= Beginning of Section =

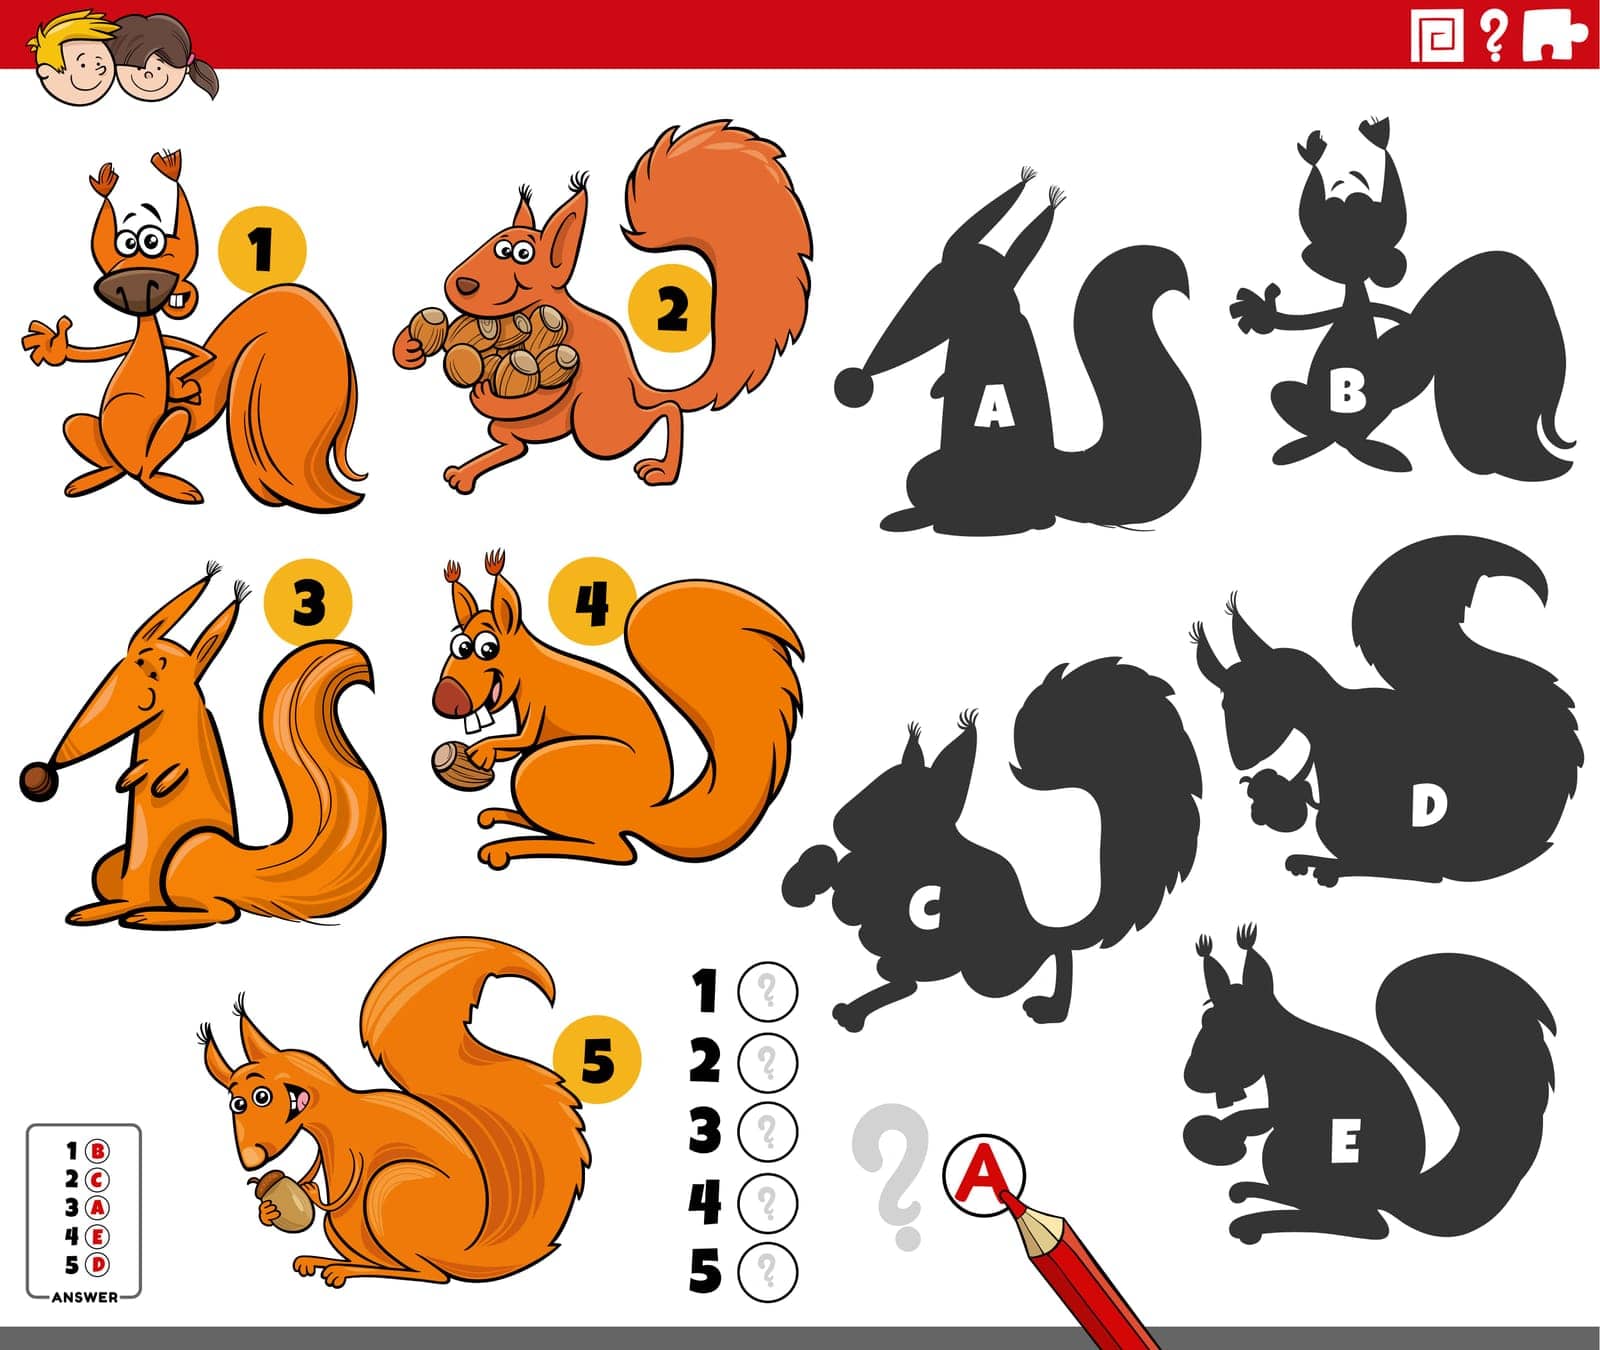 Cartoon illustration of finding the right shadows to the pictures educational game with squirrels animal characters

= End of Section =
= Beginning of Section =

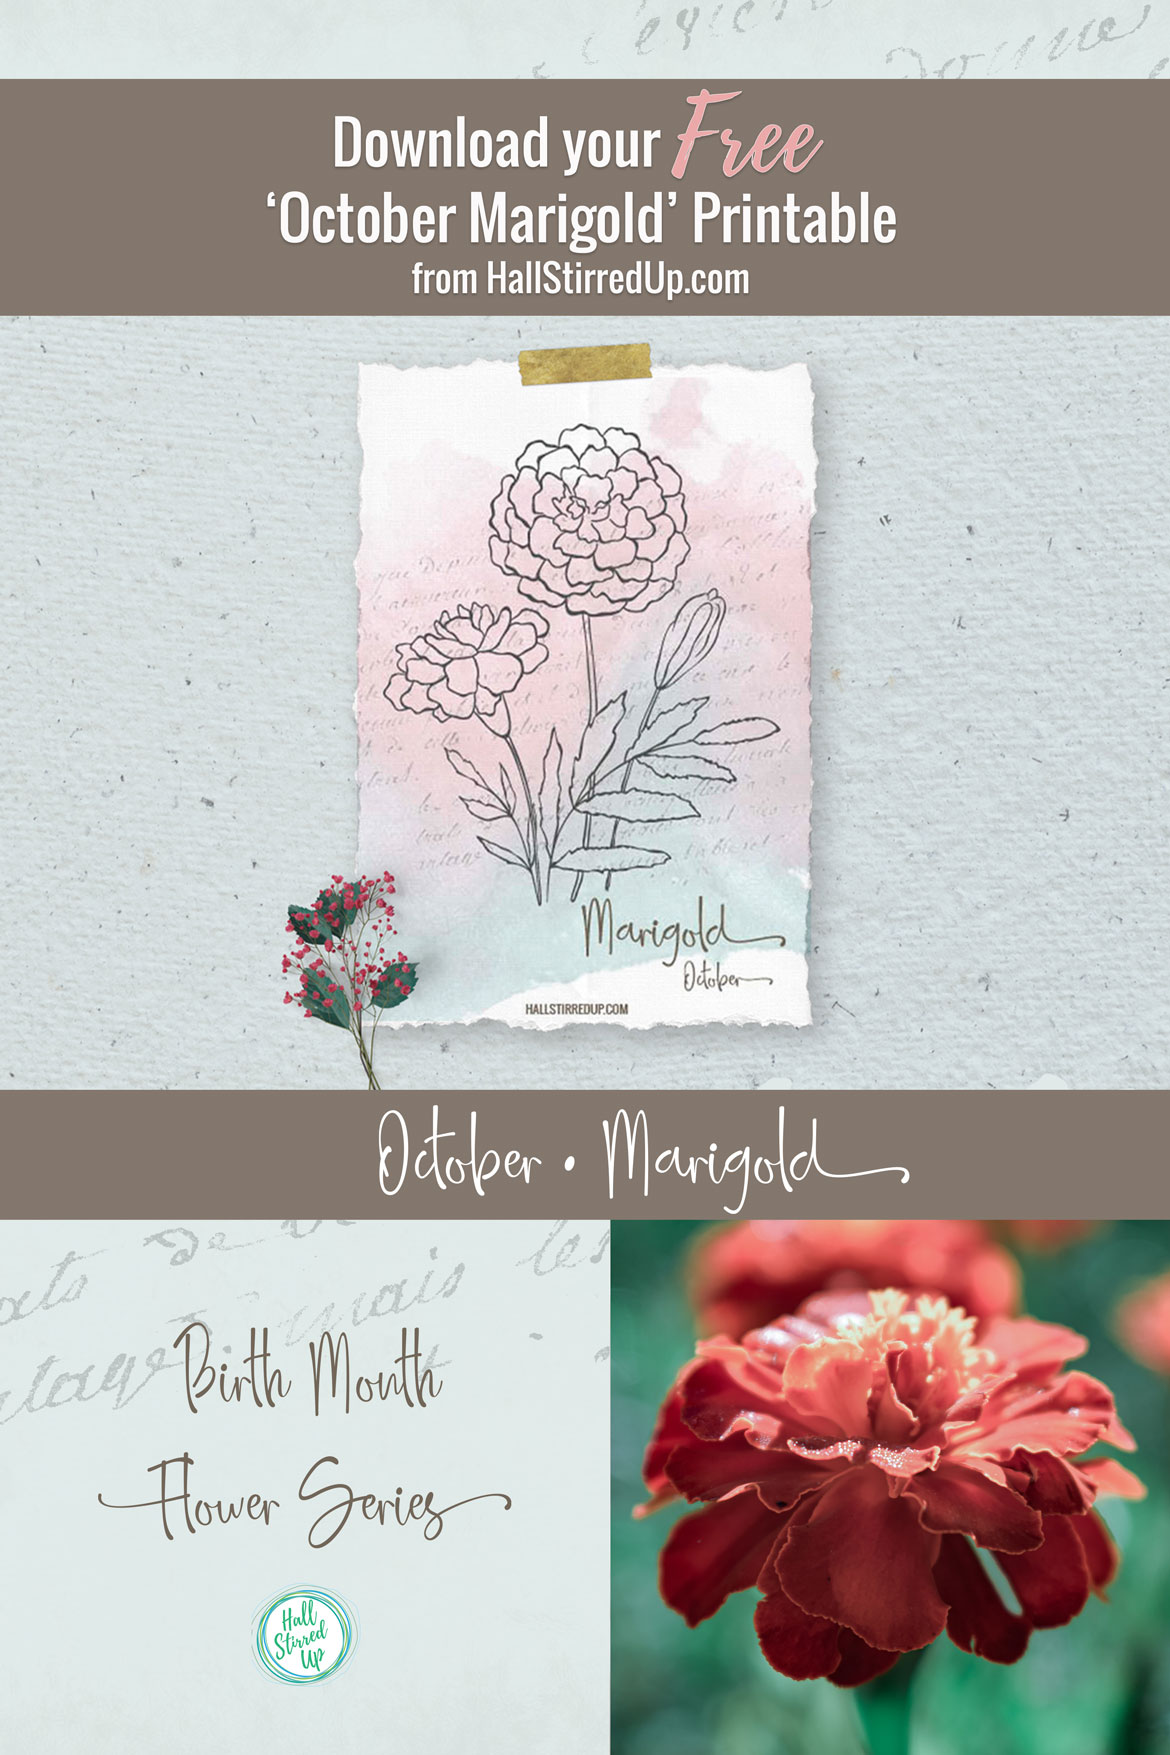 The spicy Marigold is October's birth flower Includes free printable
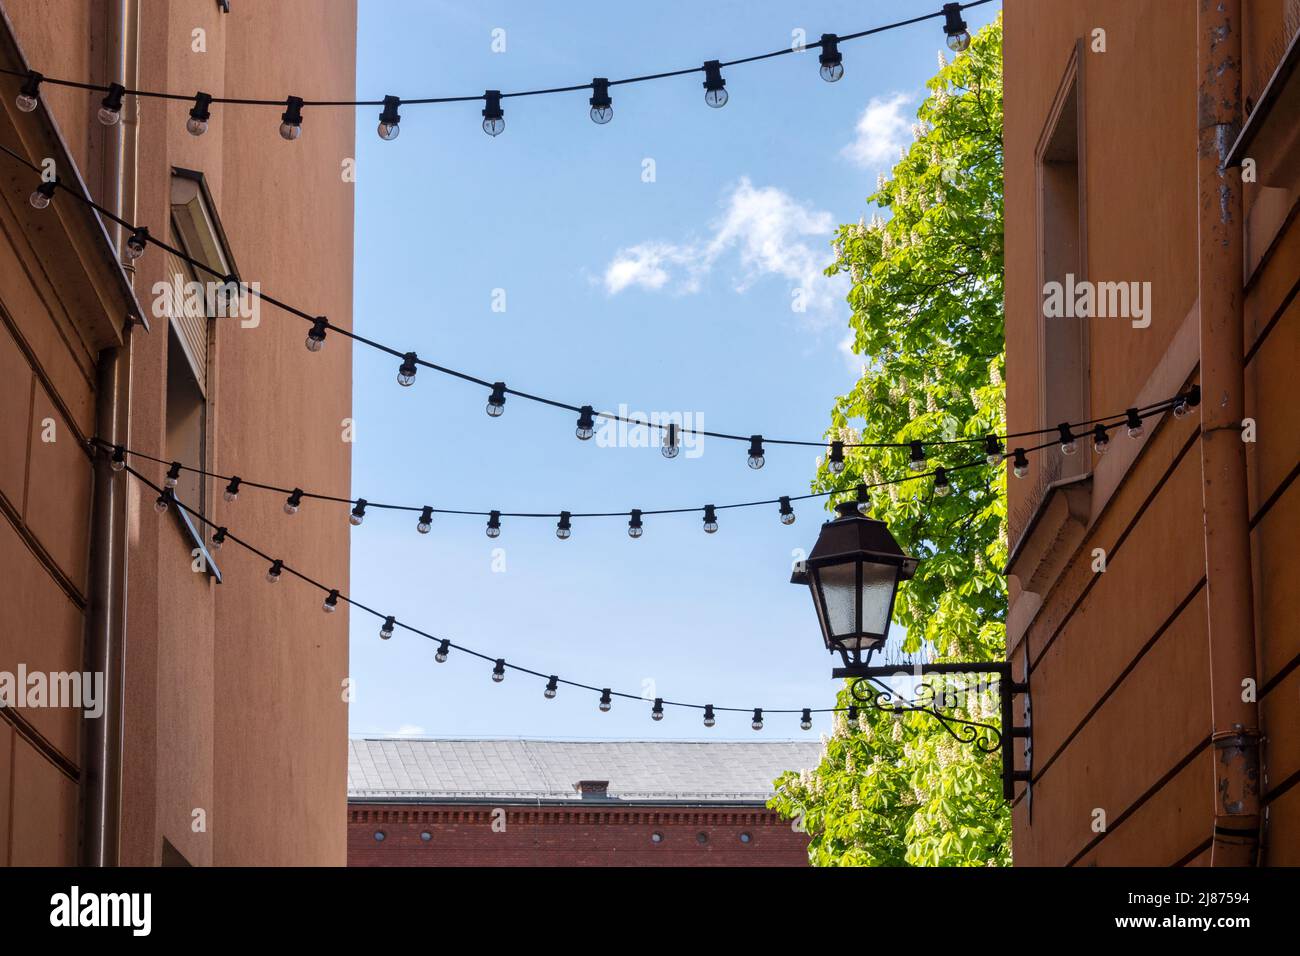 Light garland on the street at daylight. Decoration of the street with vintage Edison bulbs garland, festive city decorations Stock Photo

= End of Section =

--- Task to complete ---
Above are the records; restate exactly the lines from the one containing "The spicy Marigold" through the one containing "Light garland on", keeping pictures out.

--- Solution for this problem ---
 The spicy Marigold is October's birth flower Includes free printable
 Light garland on the street at daylight. Decoration of the street with vintage Edison bulbs garland, festive city decorations Stock Photo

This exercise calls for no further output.